START Available data
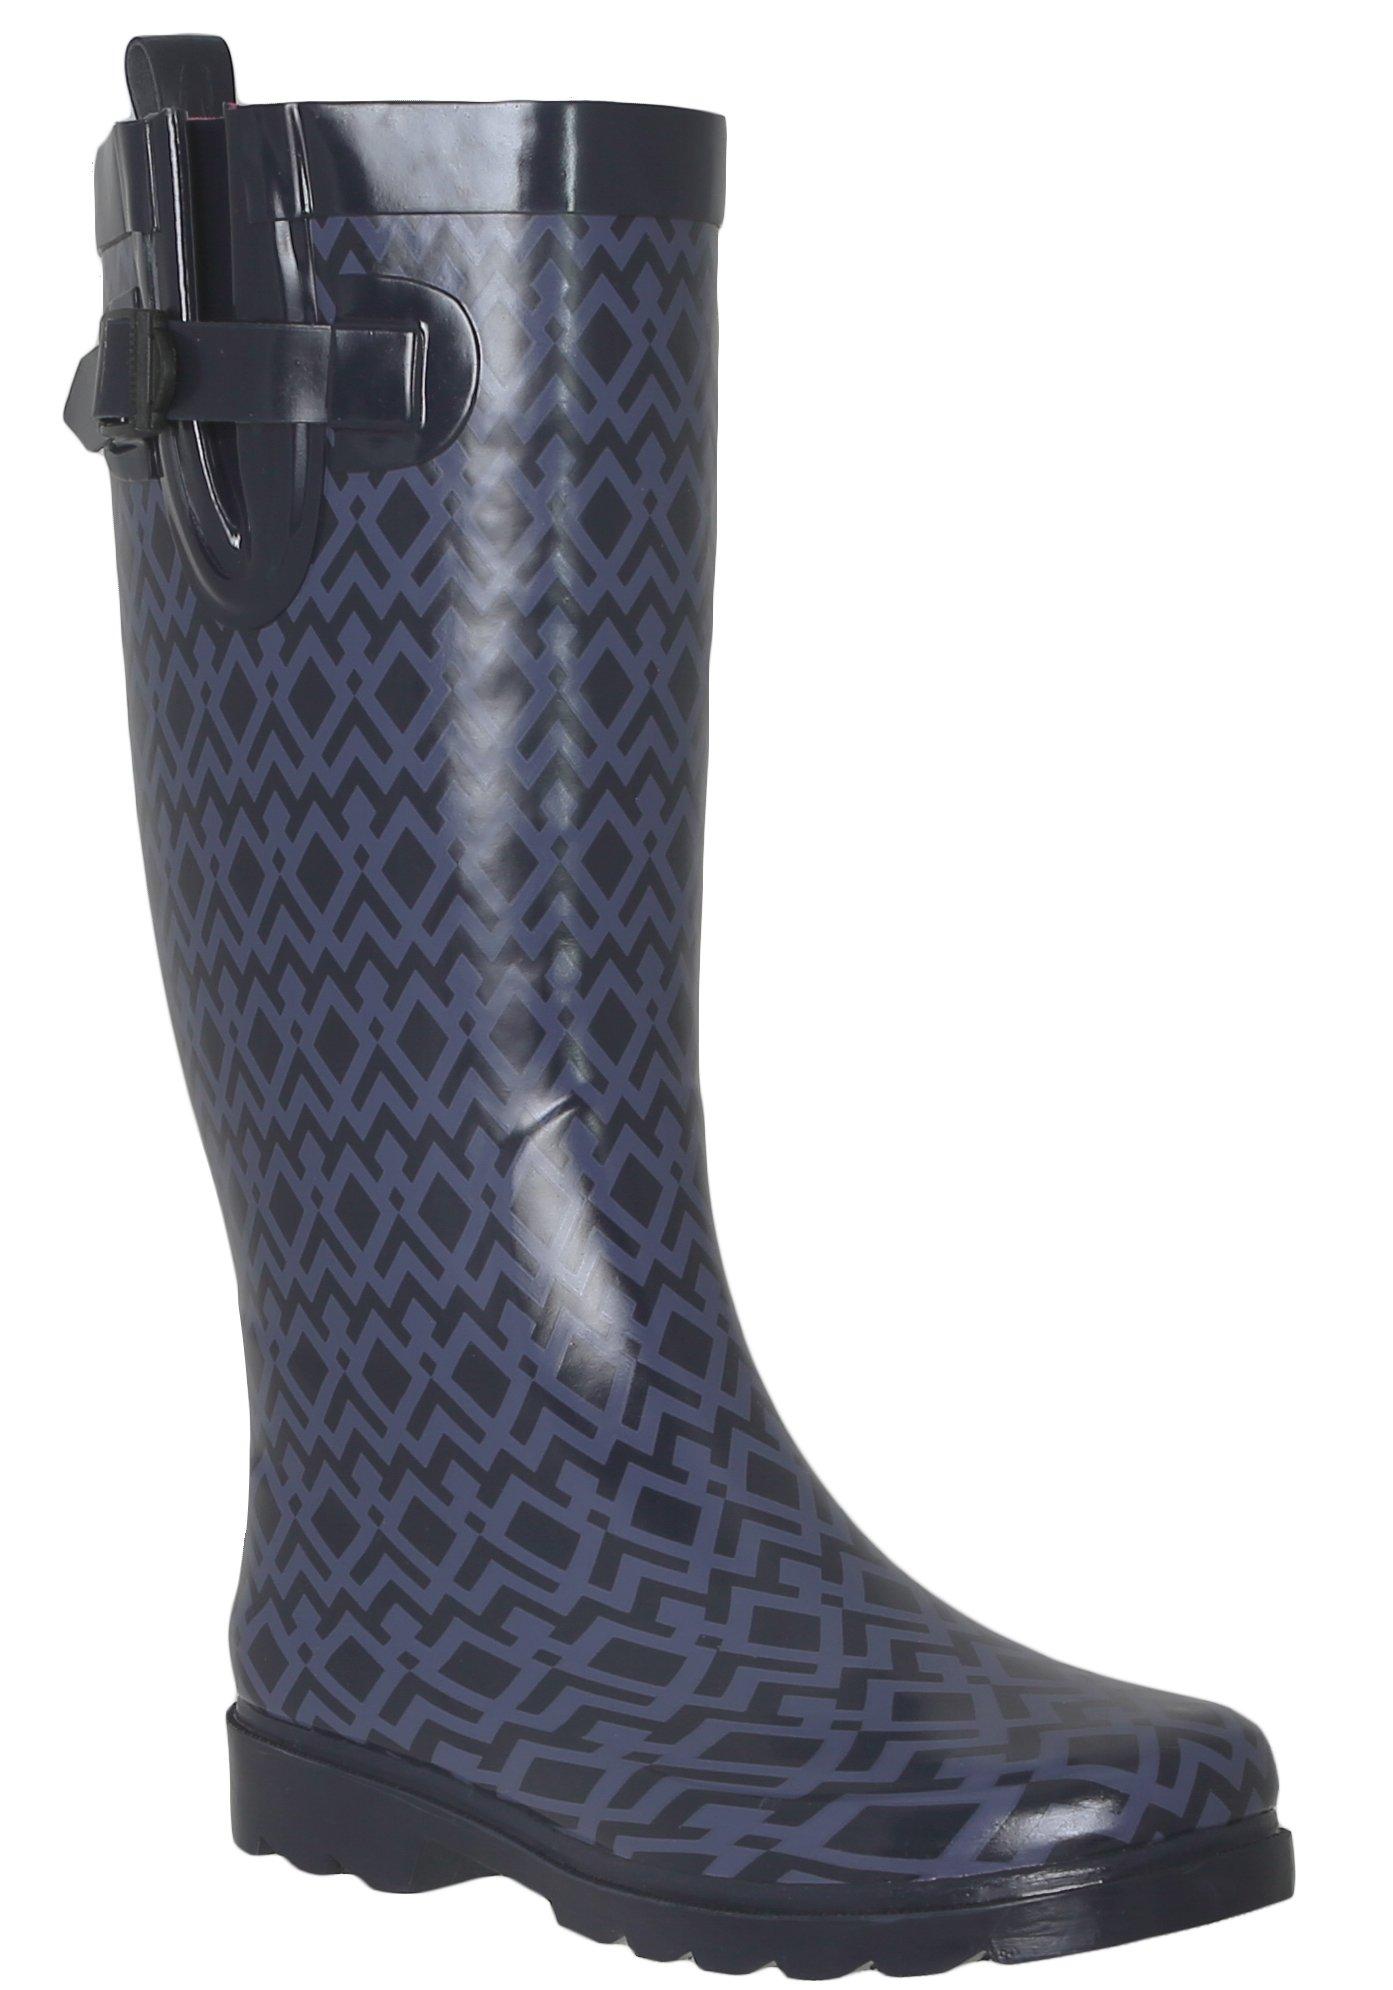 Capelli New York Ladies Shiny Diamond Geo Printed Rain Boot Navy Combo 8
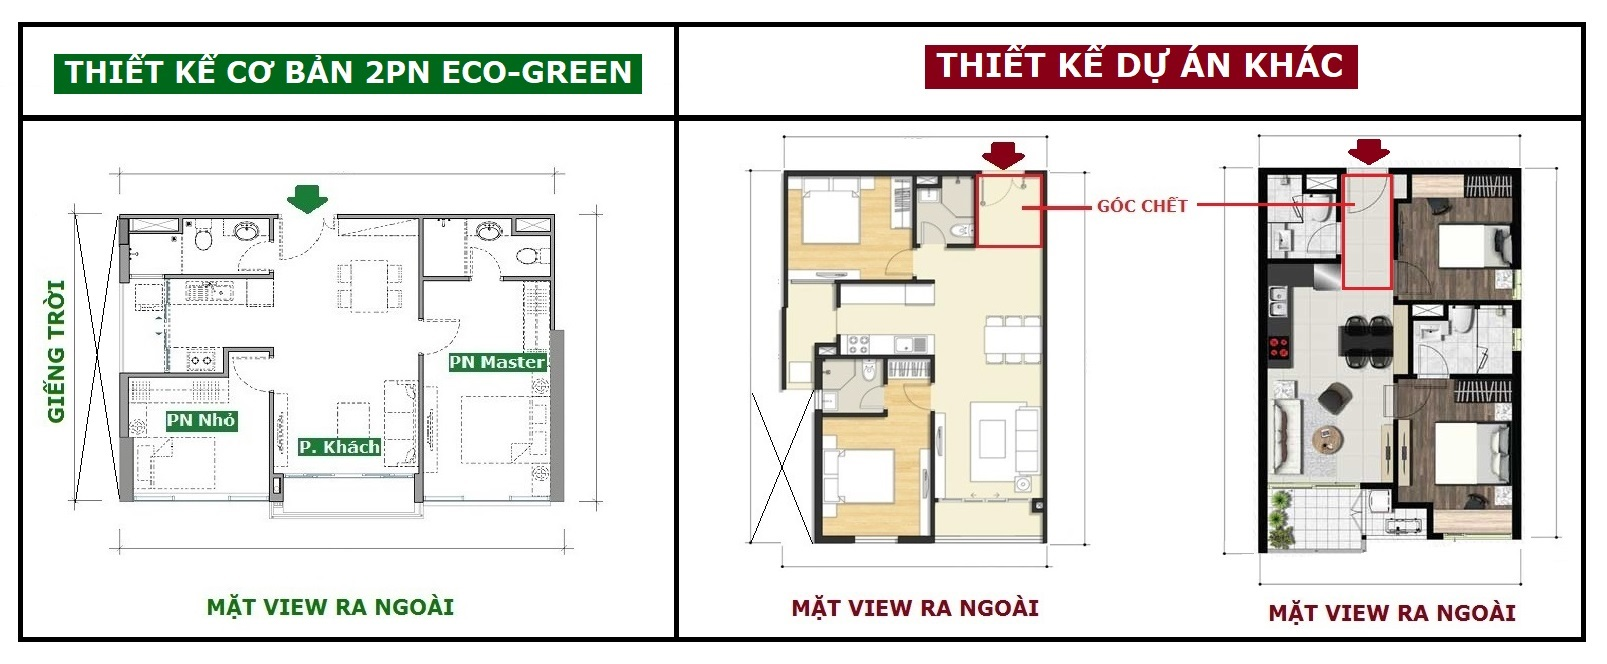 thiet-ke-thong-minh-eco-green-sai-gon
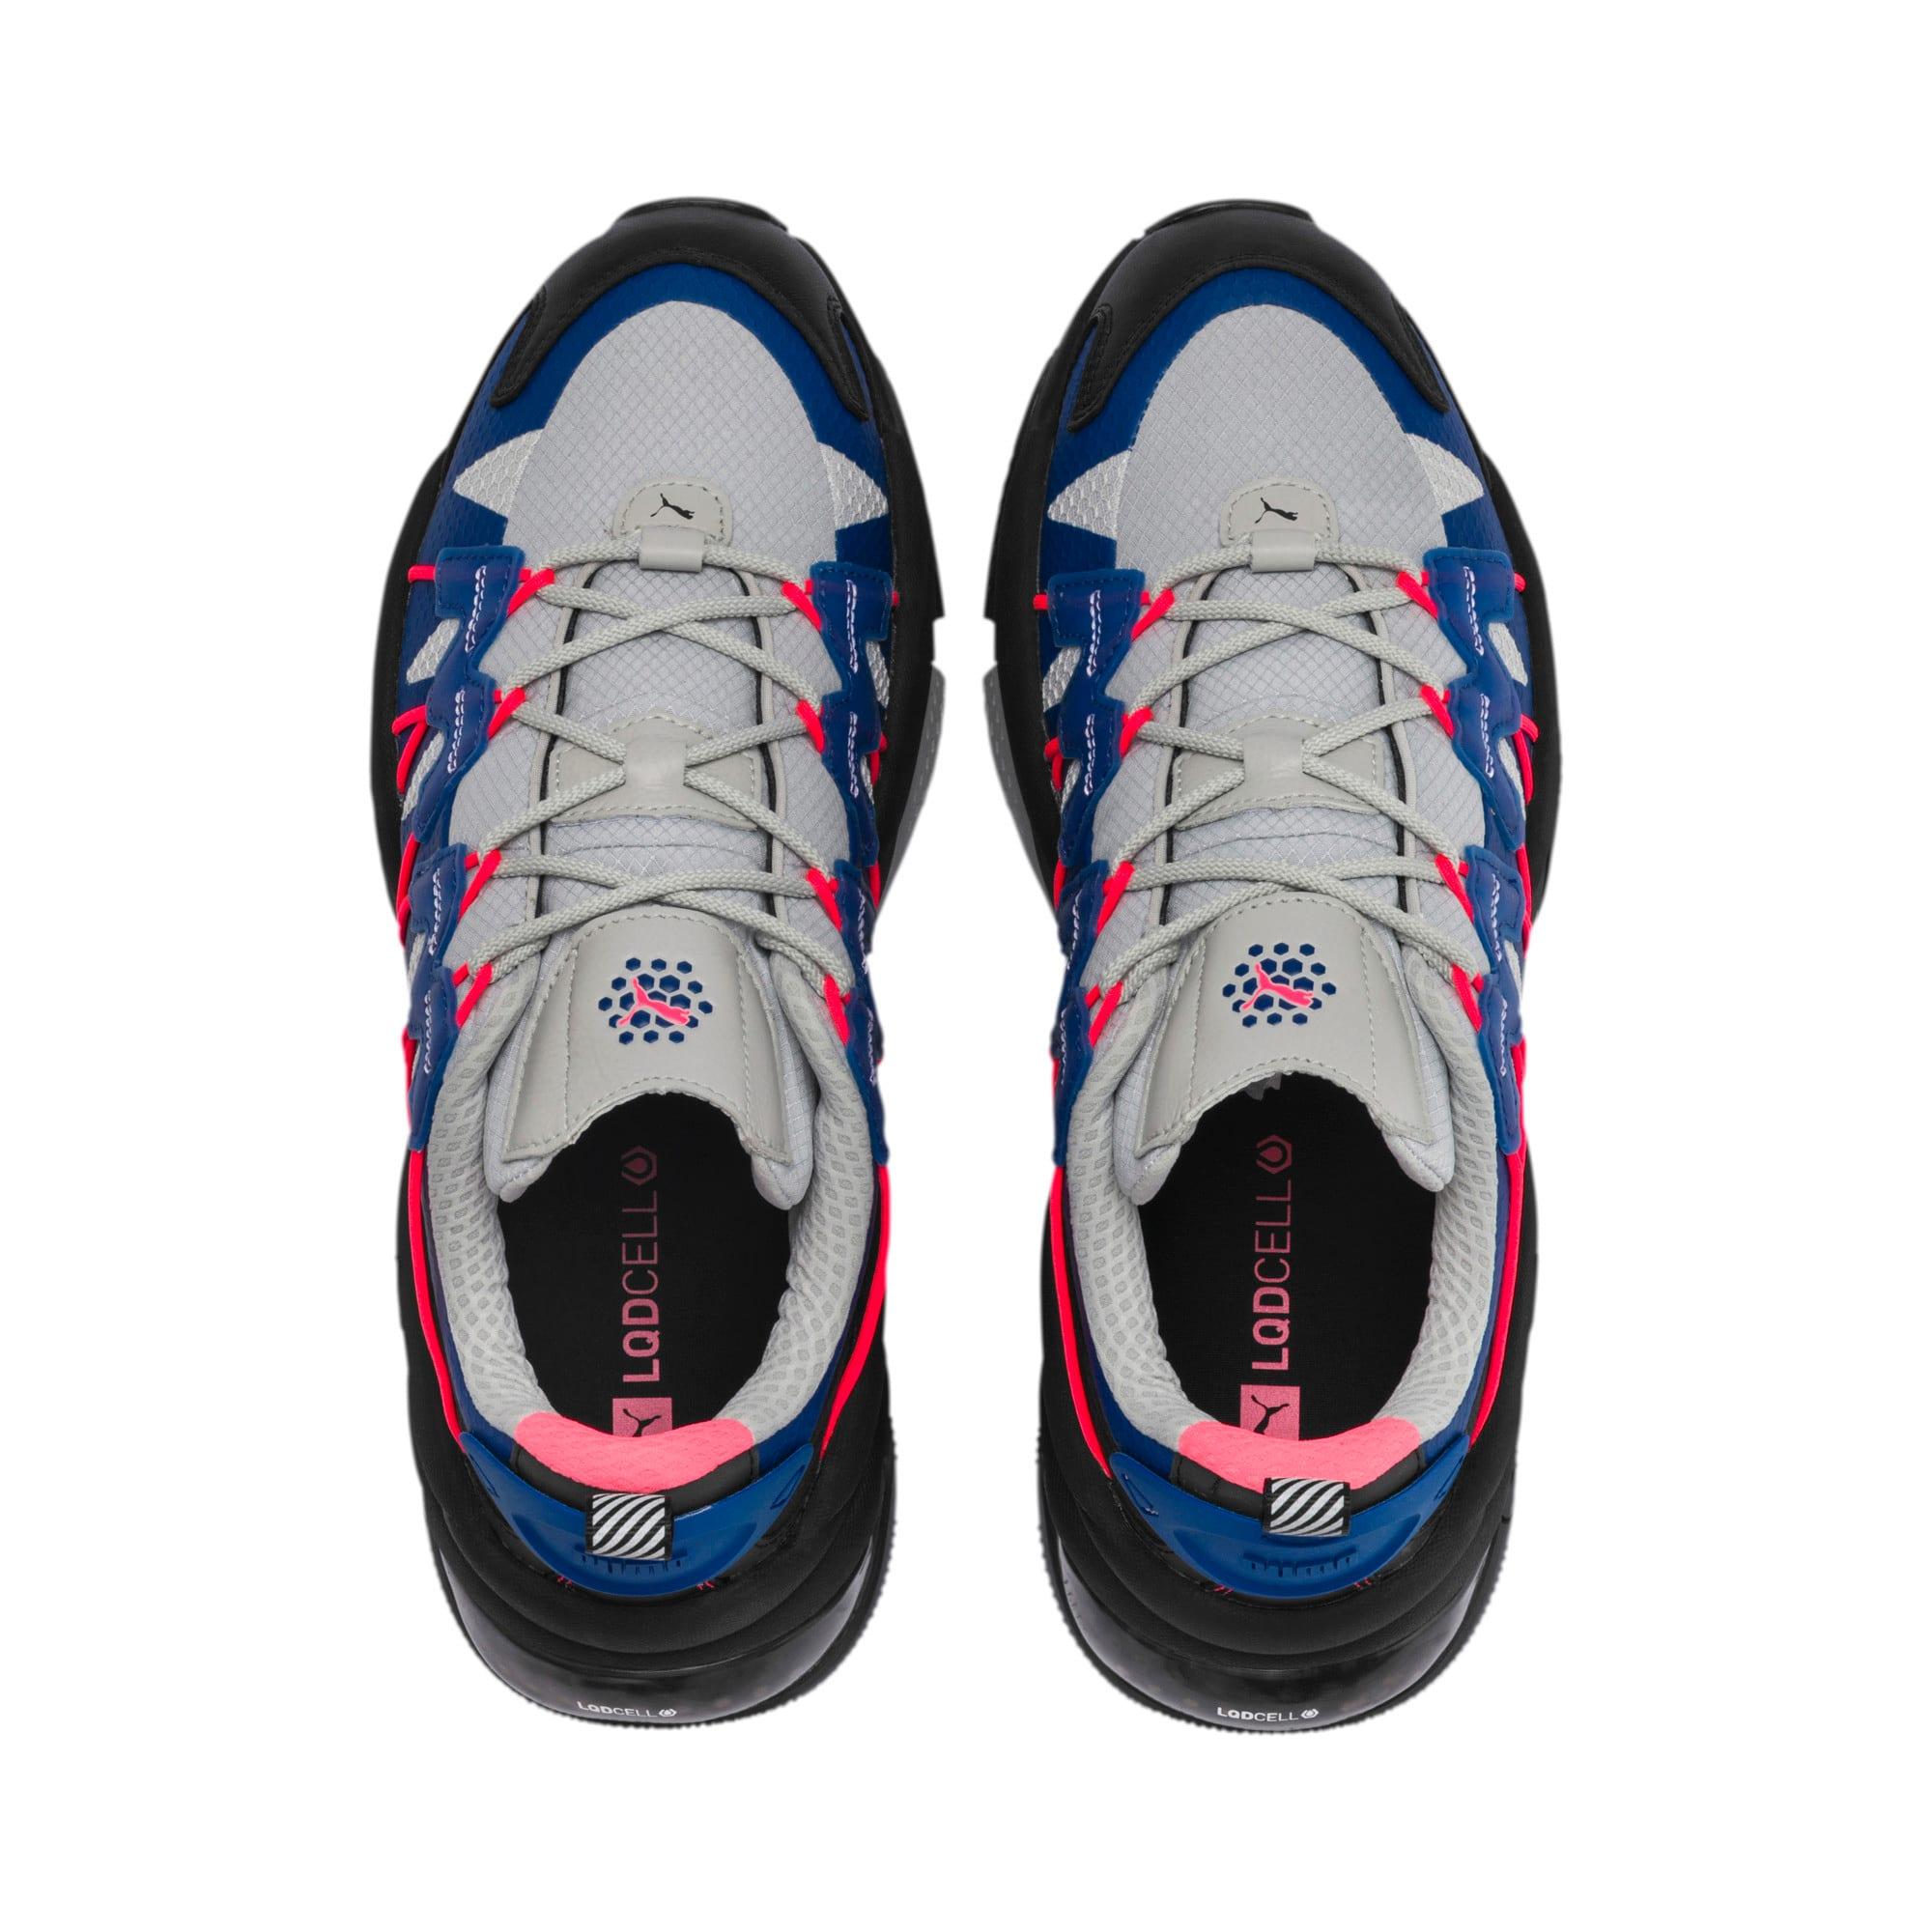 Thumbnail 6 of LQDCELL Omega Lab Sneaker, Puma Black-Galaxy Blue, medium
END Available data
What this task involves - Please copy, exactly and only, the lines of the listing that run from the one holding "thiet-ke-thong-minh-eco-green-sai-gon" through its last line, and exclude pictures.

Answer for this exercise -
 thiet-ke-thong-minh-eco-green-sai-gon
 Thumbnail 6 of LQDCELL Omega Lab Sneaker, Puma Black-Galaxy Blue, medium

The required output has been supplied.